Your campaign has been successfully funded, congratulations! Your backers, curious and excited as they are, are going to start asking you a lot of questions. Here at BackerKit, we recommend posting an update at least every two weeks, even if nothing has changed since the last post, and here is why!
Sometimes Everything Goes Wrong!
Posting an update when you are facing manufacturing errors or delays can be very hard, and possibly even embarrassing, but these are truly going to be your most important posts. It can be very tempting to not say anything, hide under the proverbial covers, and hope that the problem will resolve itself quickly, but going silent is going to cause you to lose a lot of trust with your backers. No one likes being kept in the dark. That’s when backers pull out the pitchforks and go hunting for the crowdfunding creator that took their money and stopped responding to messages.
Keeping backers updated, especially when the news isn’t good, will help keep your community engaged and supportive. Explaining the issue and detailing your plans to resolve said issue, will make it much easier to handle support requests, comments on your campaign page, and social media mentions.
Most backers understand that things happen, there’s a lot of uncertainty in crowdfunding. As long as they know that you are working to get the rewards out, they will stay interested..
Sometimes Everything Goes Right!
What if your project is going as smoothly as possible, and you haven’t run into any problems whatsoever? First, that’s really awesome and amazing! Second, you should still post updates to keep backers engaged and show that you’re still working. Consider sharing some behind-the-scenes information with your backers? This can come in the form of pictures of manufacturing, different colored dyes, or even snapshots of teammates coding frantically on their computers.

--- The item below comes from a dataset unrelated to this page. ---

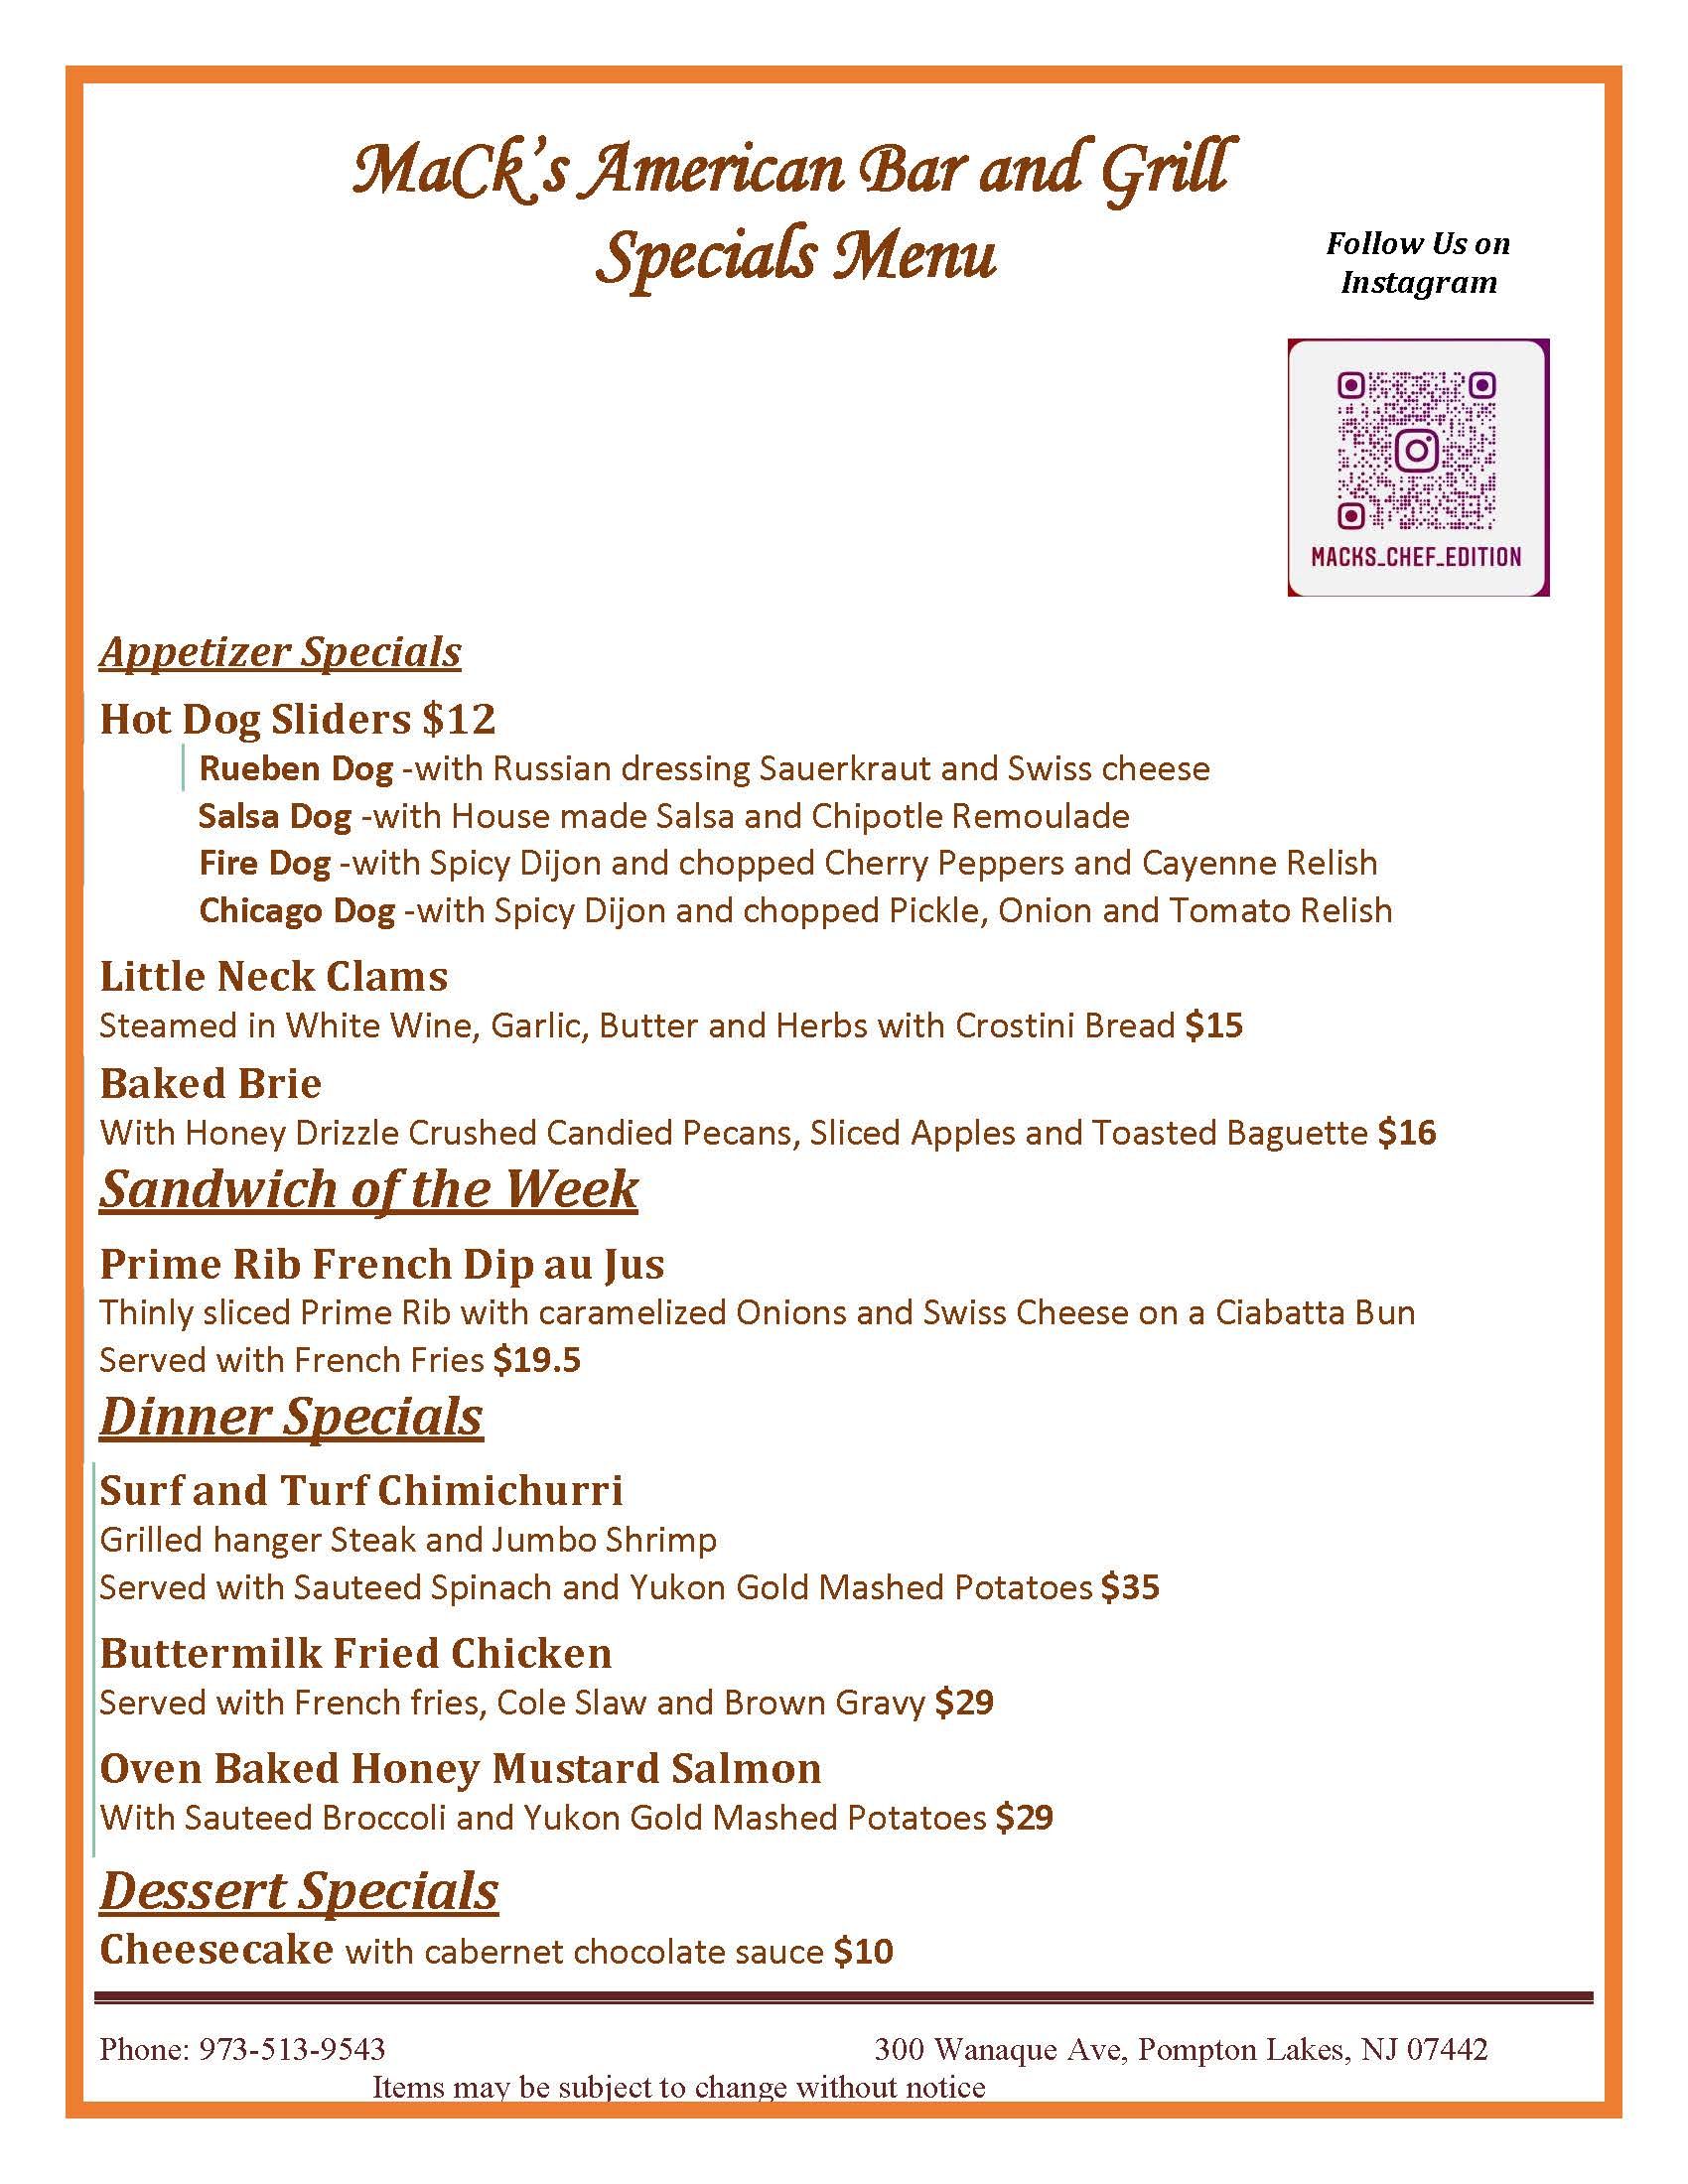 Specials menu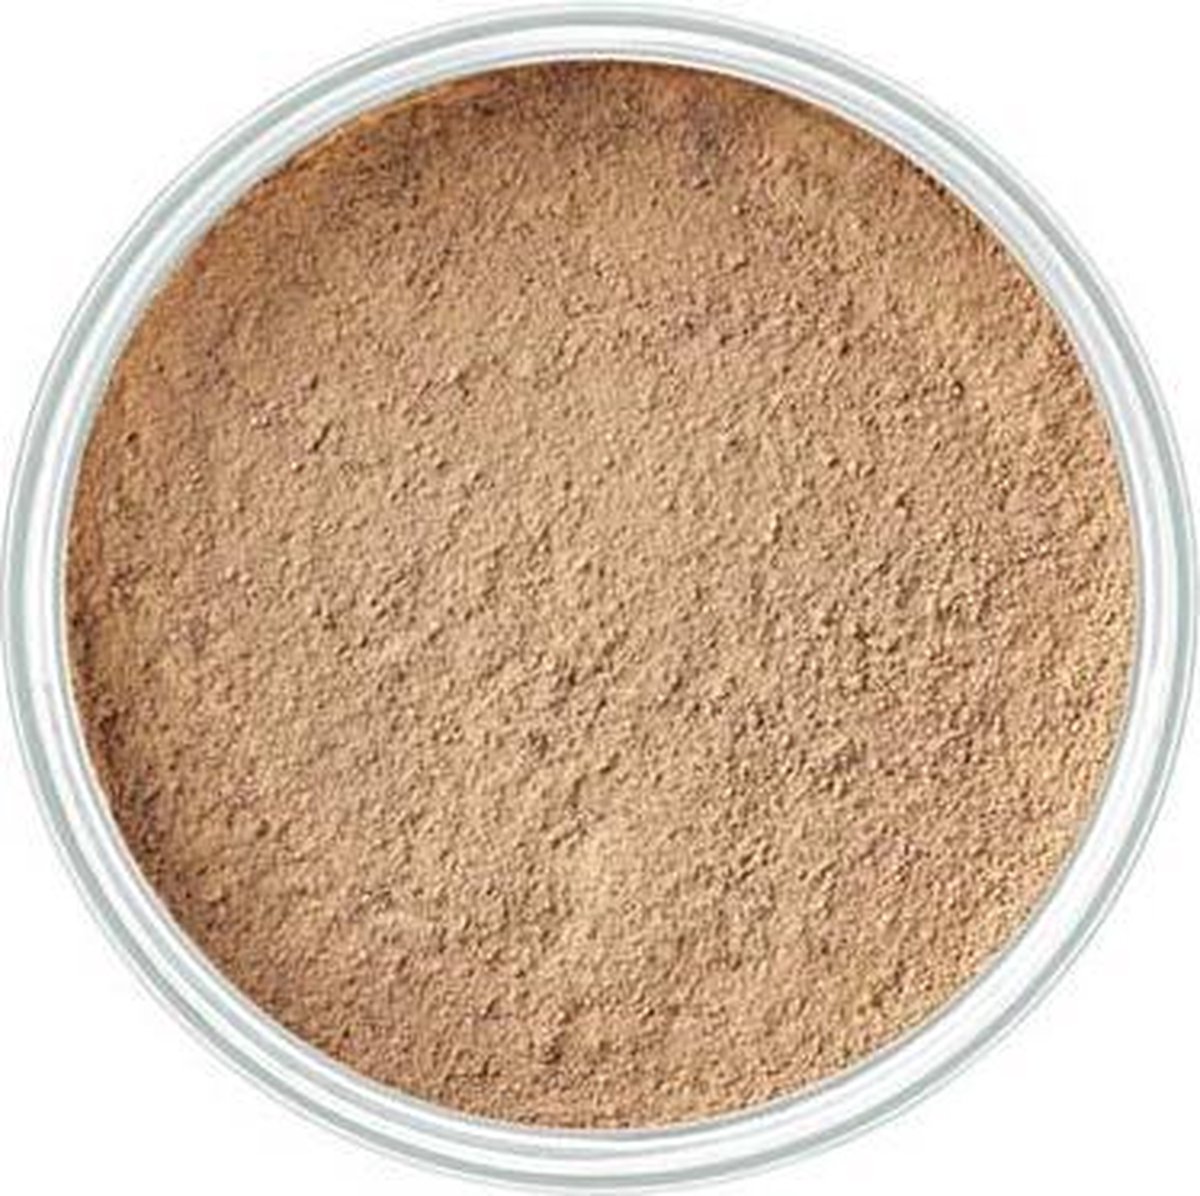 Artdeco mineral powder foundation 3 Light Tan - Artdeco Make-up

How to Write a Good Update
When updating your backers it is always better to post more often. No one is ever disappointed by having more information! Writing a good update is easier than you think, even if writing is not your forte. Try not to focus on making giant updates that cover everything. Break up your content into clear segments. An effective and informative update should include these basic points:
- A Good Title
Putting more detail into the title “Where we are with the shipping process” or “We are doing X” will help drive more backers to read the post as opposed to a generic title such as “Update 11”.
- Show Progress
Explaining where you are currently with the manufacturing or shipping process.
- Explain Delays
If there are delays, explain what happened and what you are doing to fix this.
- Call to Action
If there is a call to action, such as having surveys filled out before a lockdown date of 00/00, make sure you give backers notice!
- Throw some pictures in there!
Pictures of machines tinkering away, packages ready to be shipped out (make sure you blur/remove the addresses and names first!) or even just the items themselves.
What do Good Updates look like?
We highly recommend checking out the great, thorough updates posted by these projects:
- Mini Museum 2
Mini Museum 2 went into detail about historical detail about specific components of the museum and how they were added to the product, which is a great way to add more interest to a production update!
- Rocketbook Wave
Rocketbook Wave shipped months ahead of schedule, so they quickly informed backers to confirm their shipping address and be on the lookout for their books!
CHIP is really great about keeping backers informed of where they are with the production and shipping process, as well as posts showing what CHIP is capable of creating.
- Xpand Lacing System
The XPAND team kept their backers informed with frequent production updates and shipping information, as well as instructions on how to use the product so backers can use the laces as soon as they received them!
We also asked a few project creators why posting updates is a fundamental part of backer happiness!
“Backers of a project deserve to see as much as possible since the project wouldn’t exist without their support, so I approach each project update as an opportunity share my gratitude for their support and to extend the experience of the Mini Museum itself.”
-Hans Fex, Creator and Chief Curator of the Mini Museum
“There are two great reasons to make backer updates a priority, one is practical, the other ethical. The practical reason is that your backers hold the key to word of mouth, and to your reputation. The second reason is that you truly owe these people a debt of gratitude, and keeping them in the loop is the best way to pay them back. Backers don’t want you to sacrifice the quality of the product for their updates… updates once a month at first, and then every two to three months is generally enough. Sometimes we just get busy and forget and the fans always remind us. Updates don’t need to be elaborate. Mainly they want to know you’re still working hard and making progress, and share in the experience a bit. Also when you post updates, share a bit of your excitement, and a little artwork, or music, or photos or whatever will entice them. Anticipation is all part of the fun. It’s often tough to pull your head out of deadlines and make the time for it, but it’s well worth it.”
-Greg Johnson, Creator of ToeJam and Earl
“Updates when things are going well gets your backers sharing and talking about your product. But updates when you hit bumps in the road are even more valuable. They make your early-adopter audience “part of the team” by bringing them behind the scenes view into the world of an entrepreneur.”